**What you are asked to do**
Below is a listing to copy exactly; no image goes into the copy.
^^^^^^^^^^^^^^^^
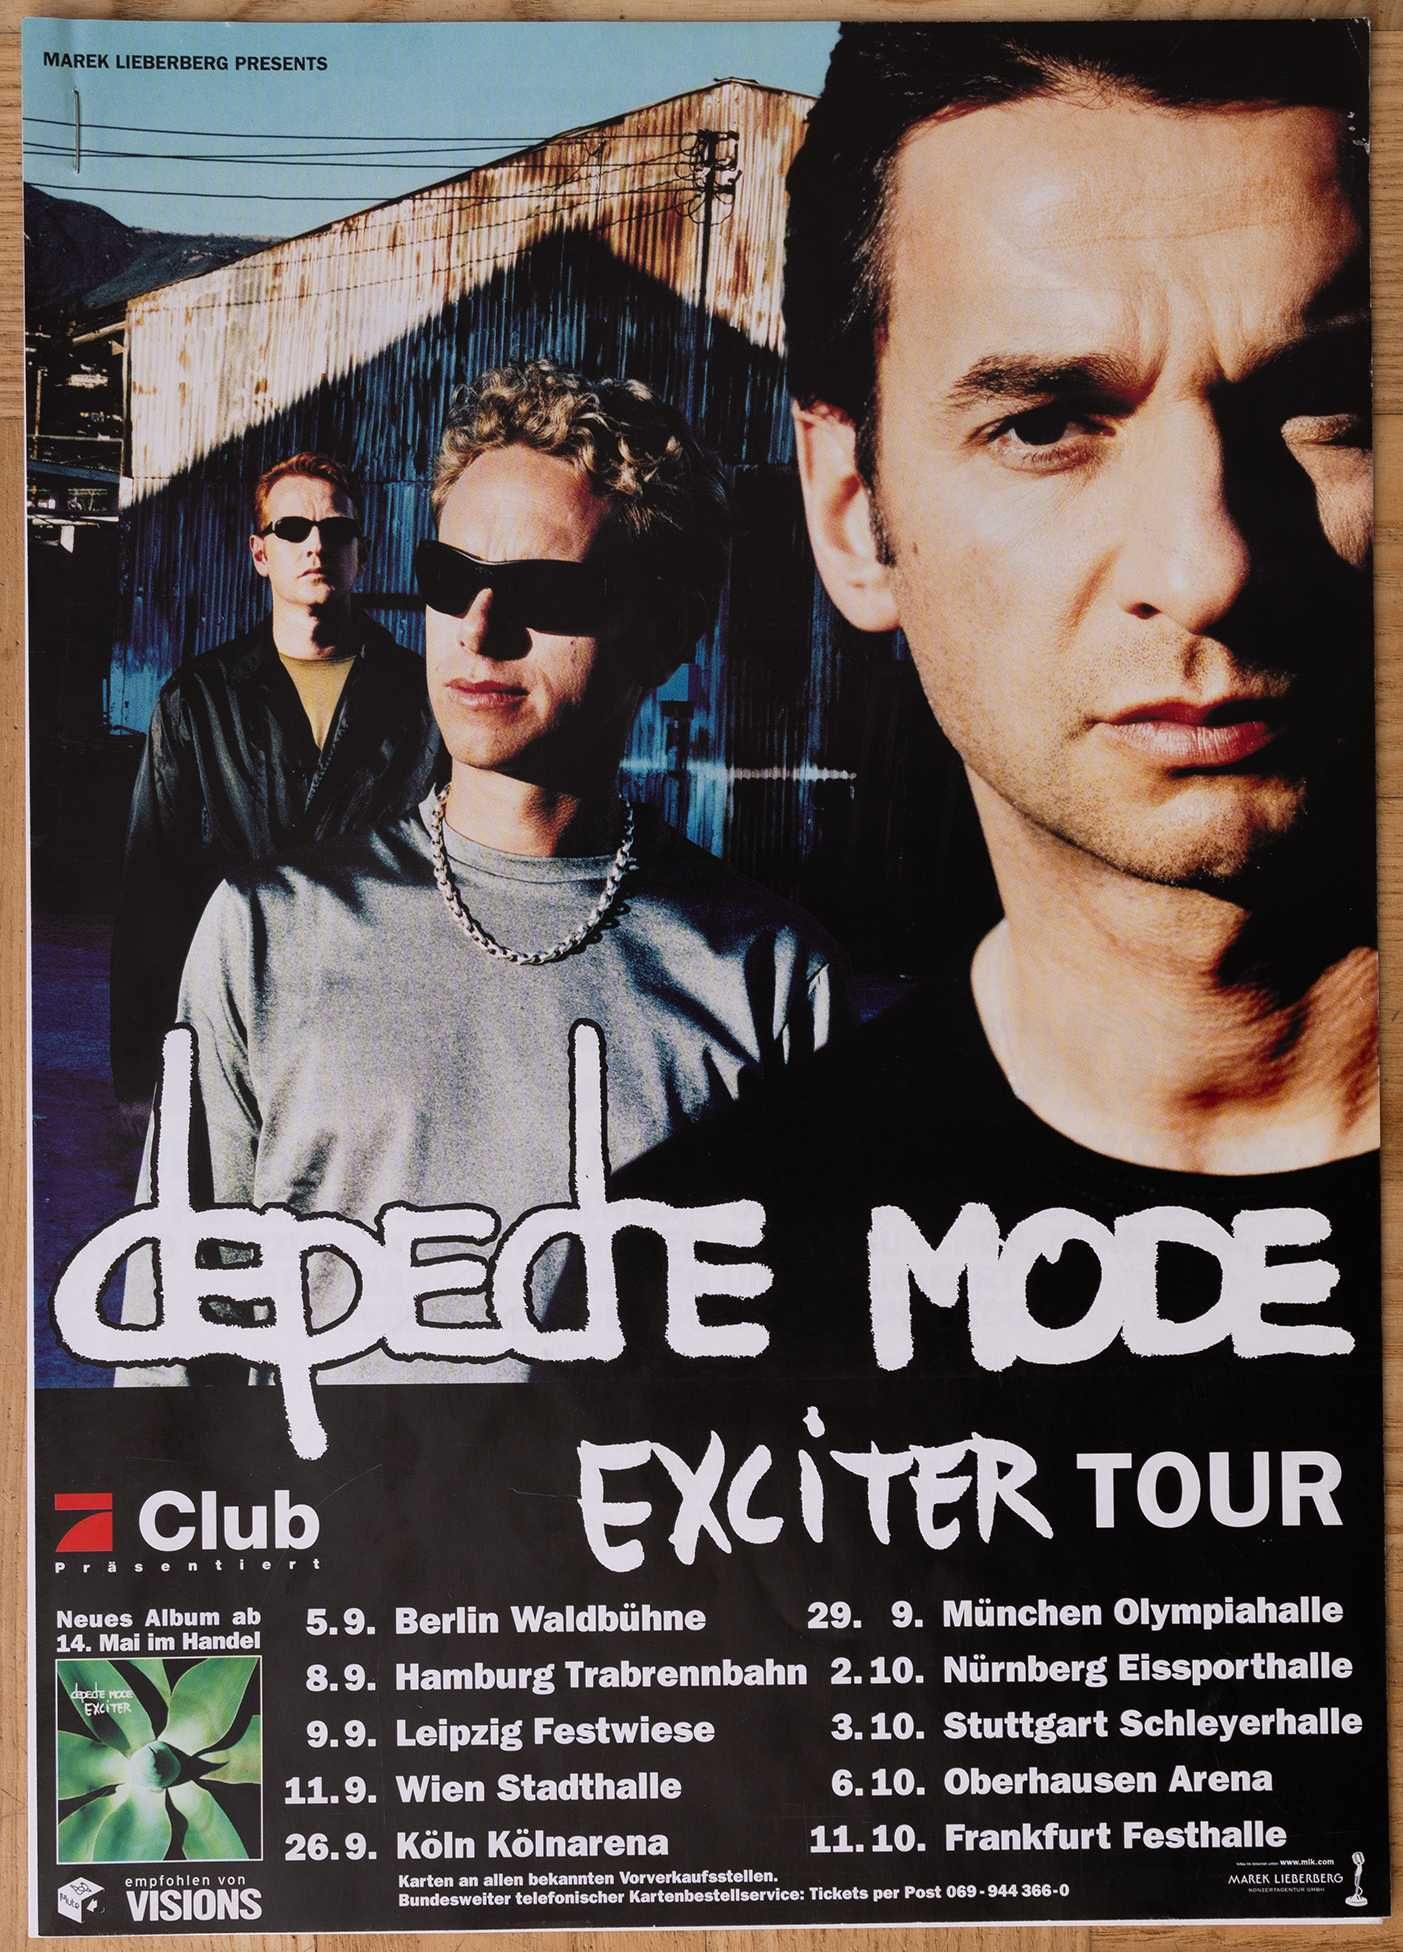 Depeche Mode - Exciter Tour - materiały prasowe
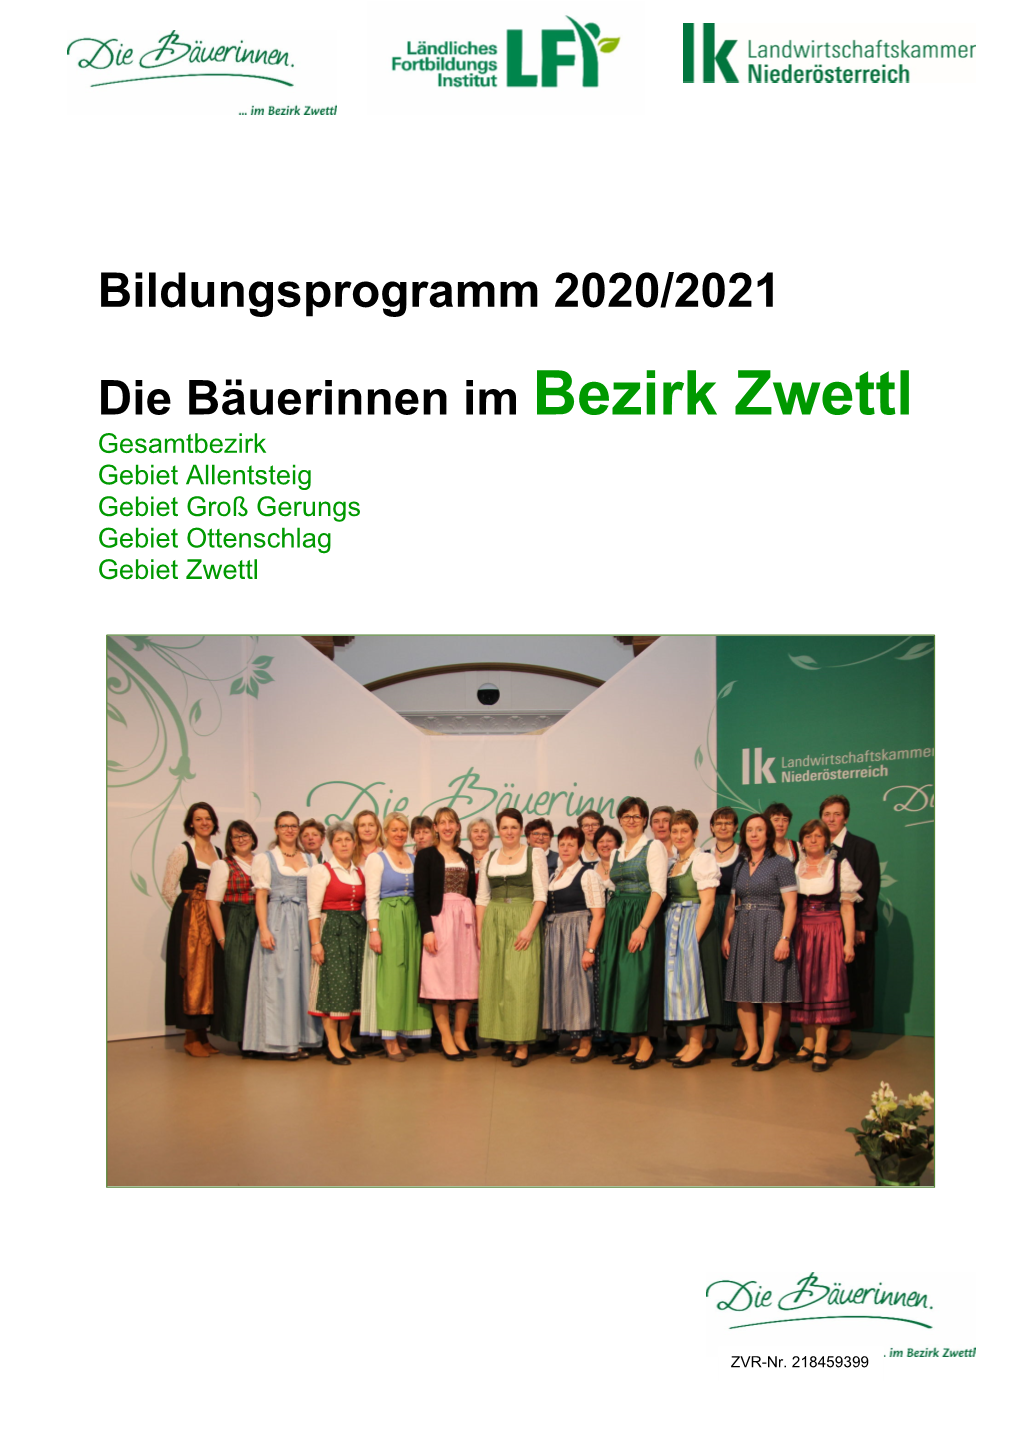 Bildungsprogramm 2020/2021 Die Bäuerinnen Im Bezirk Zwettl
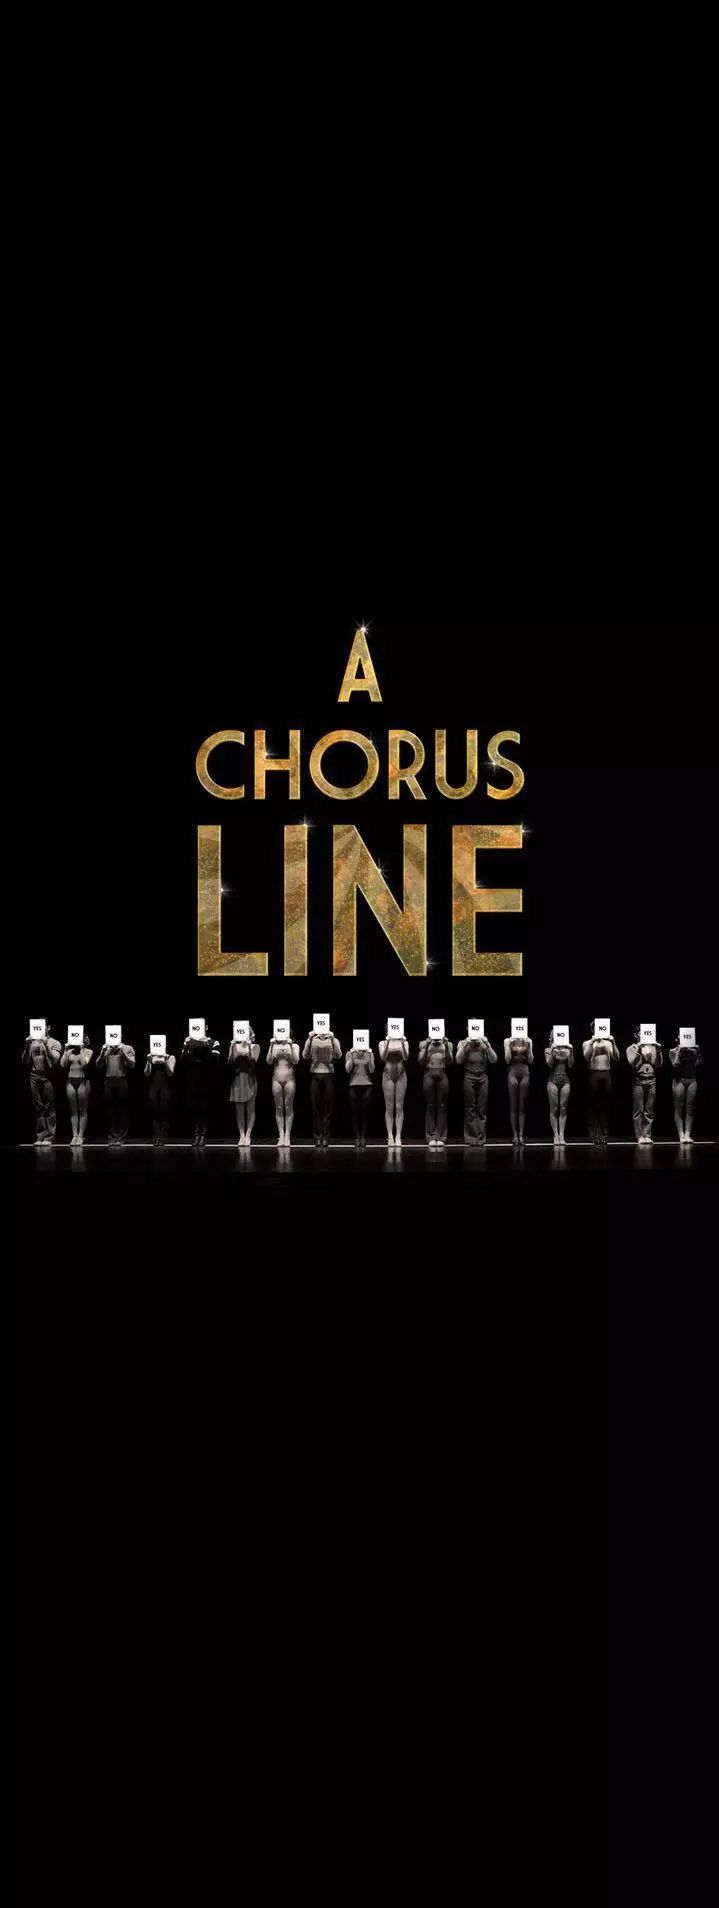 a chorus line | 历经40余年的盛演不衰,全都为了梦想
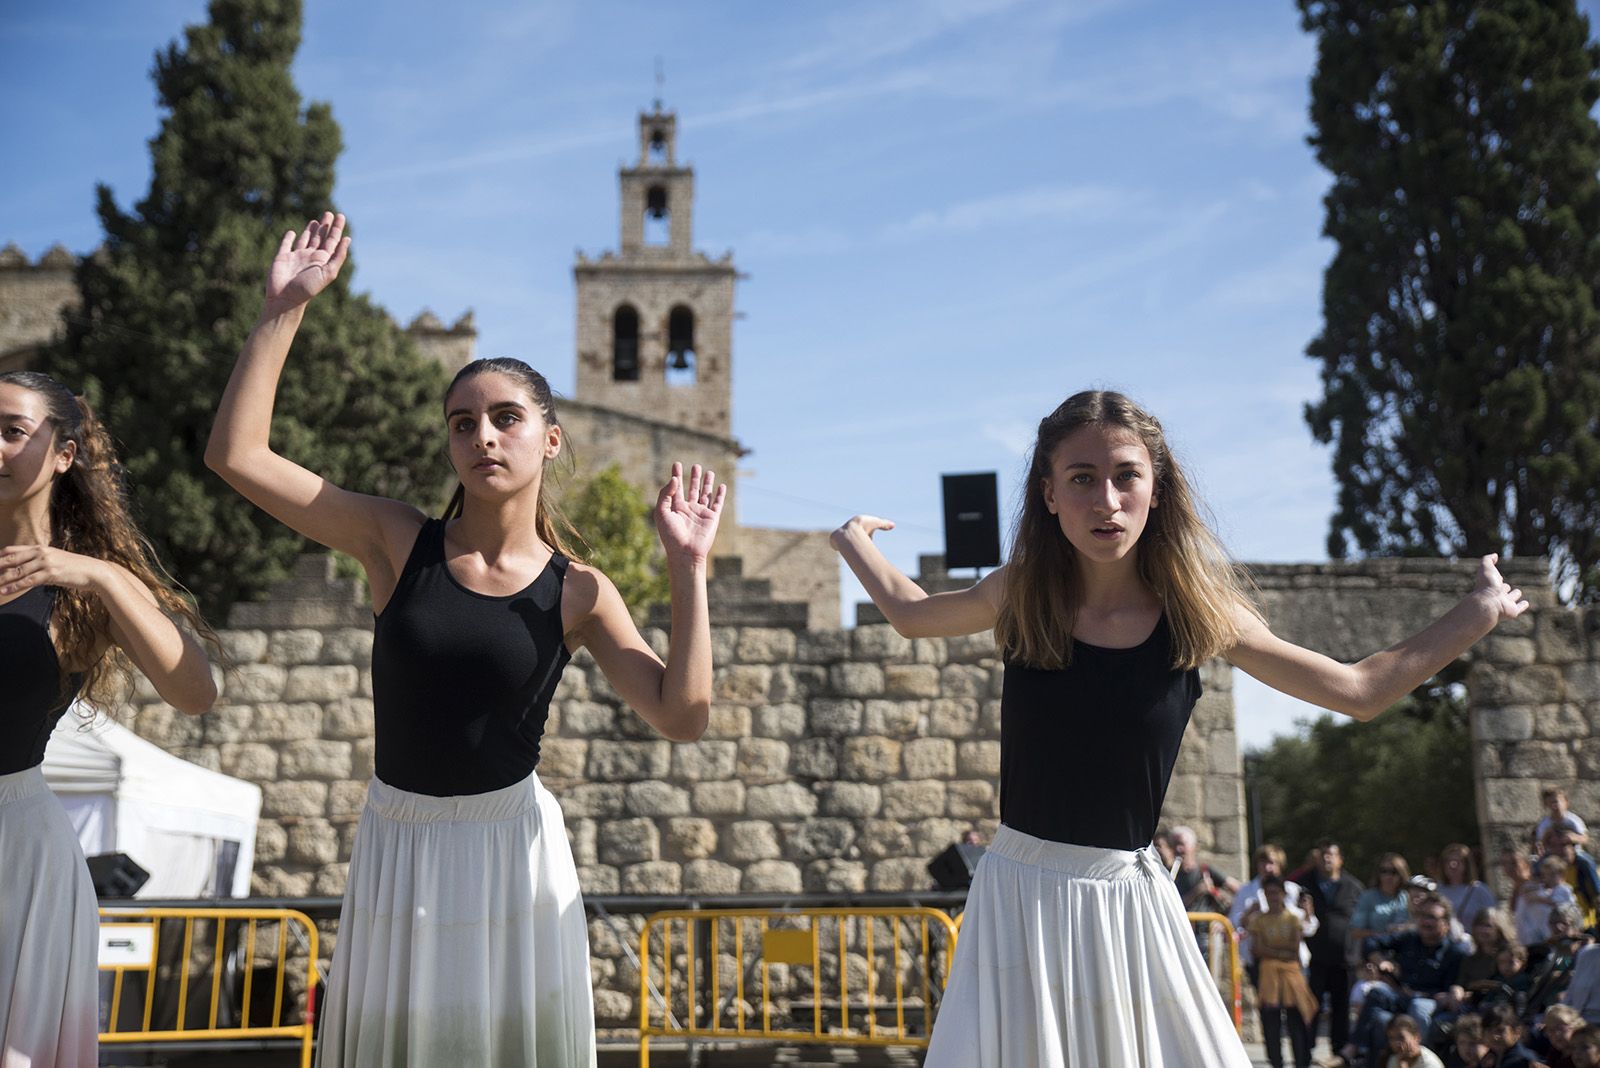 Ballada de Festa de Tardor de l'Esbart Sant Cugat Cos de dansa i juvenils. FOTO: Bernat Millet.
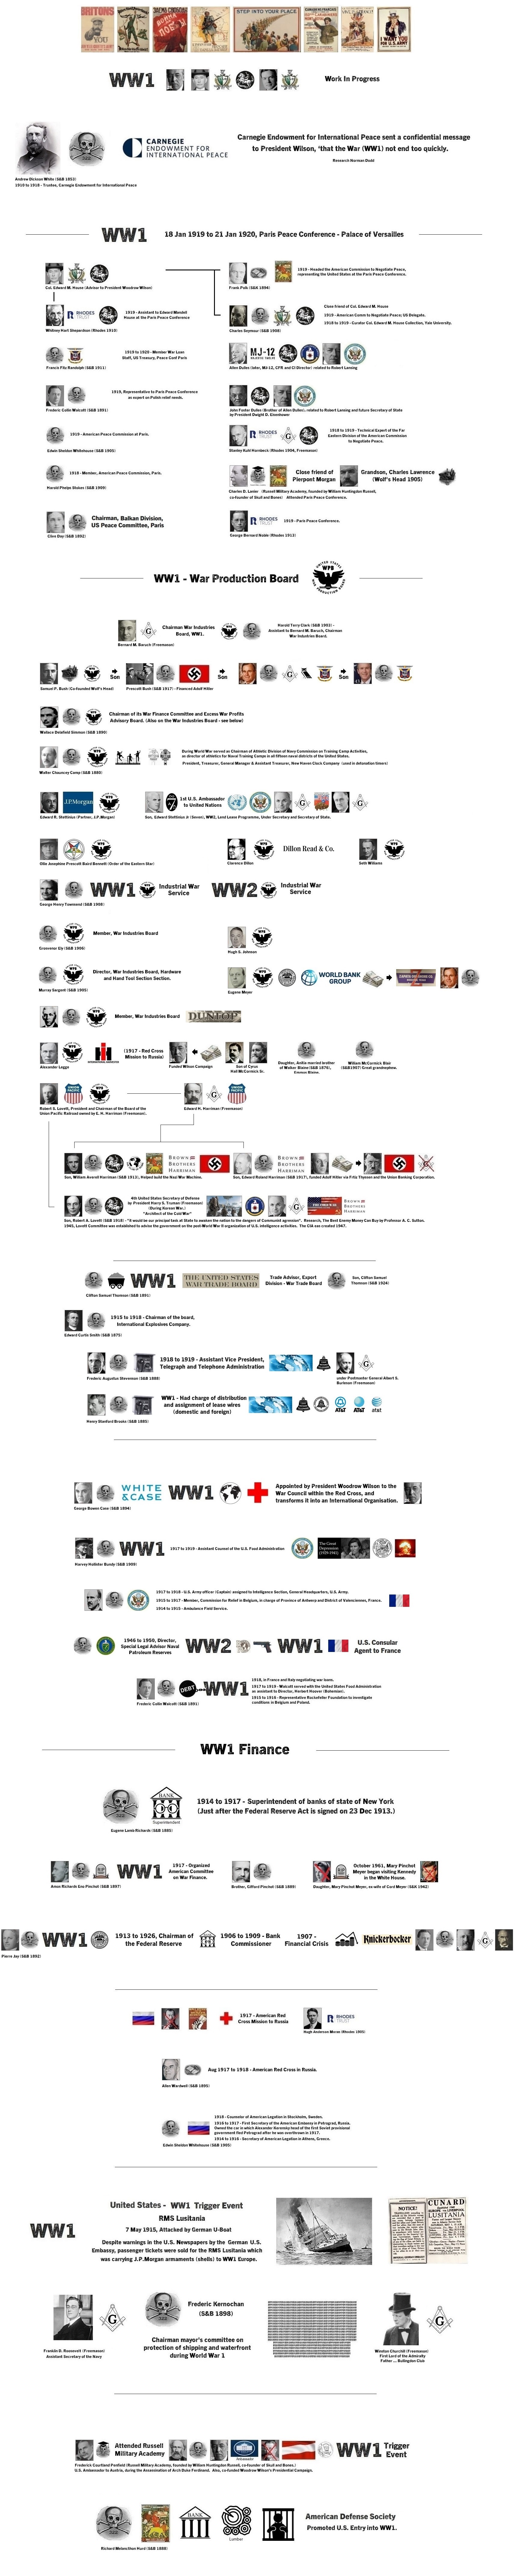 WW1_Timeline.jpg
^^^^^^^^^^^^^^^^
**Task solution**
 Depeche Mode - Exciter Tour - materiały prasowe
 Bildungsprogramm 2020/2021 Die Bäuerinnen Im Bezirk Zwettl
 a chorus line | 历经40余年的盛演不衰,全都为了梦想
 Ballada de Festa de Tardor de l'Esbart Sant Cugat Cos de dansa i juvenils. FOTO: Bernat Millet.
 WW1_Timeline.jpg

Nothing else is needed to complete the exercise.